Today's Illegal Immigration News
Thursday, January 19, 2012


Cartels are getting bolder in carrying out their beheadings on our side of the border, according to former DEA supervisor Phil Jordan. Three beheadings in two different states – Arizona and Oklahoma – “have cartel written all over them,” says Jordan.

Tucson, Arizona, County workers found a headless man lying on the side of the road Jan. 6, leading experts to believe that the person(s) responsible wanted to send a message, as this is commonly done in Mexico, Columbia, and other places.

A second headless victim, 19-year-old human trafficking victim Carina Saunders, was found beheaded and stuffed into a bag left in a grocery store parking lot in Oklahoma, more than 600 miles from the U.S.-Mexico border. The police chief in the Saunders case says two men in the area running the trafficking ring killed the young woman to send a message to other victims.

The third beheaded body was found in Chandler, Ariz., after cartel operatives came from Mexico to kill 38-year-old Martin Alejandro Cota Monroy.

All three killings occurred in the past 12 months and have federal agents scrambling to develop more informants to get to the cartels before they can commit the gruesome crimes.

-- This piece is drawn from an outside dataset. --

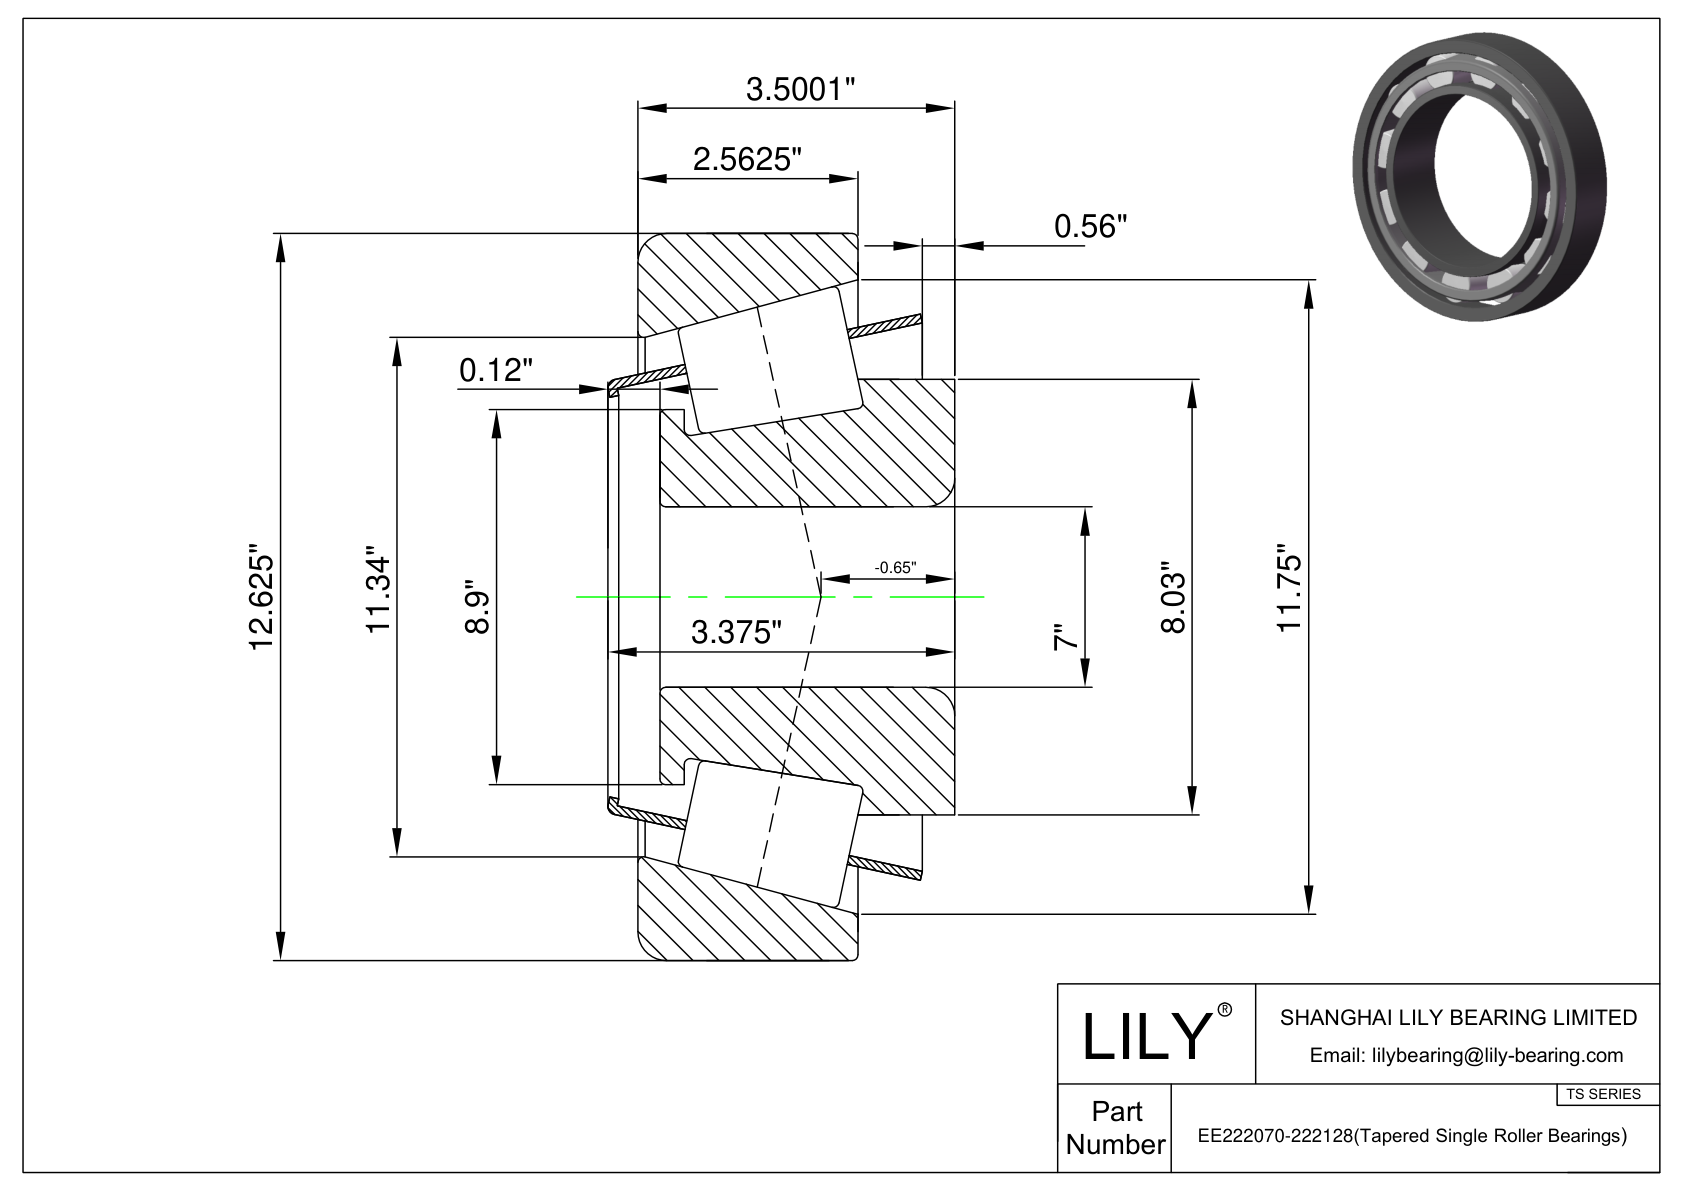 EE222070-222128 TS (Tapered Single Roller Bearings) (Imperial) cad drawing

From January through September 2011, 2,276 deaths were recorded in the Mexican state of Chihuahua, which borders Texas and New Mexico. A Nov. 2011 Congressional Research Service (CRS) report states that over nearly the same period – January through October 2011 – 2,177 civilians were killed in Afghanistan though it did not breakdown responsibility for those deaths between American troops and the Taliban. However, a 2010 report attributed 75 percent of civil deaths to the Taliban and other “anti-government elements.”

There were more drug-related killings in Chihuahua than in any other Mexican states, according to the government report. Ciudad Juarez, located in the Mexican state of Chihuahua just across the border from El Paso, Texas, accounted for 1,206 (roughly 53 percent) of the 2,276 drug cartel-related murders in the state for the entire reporting period.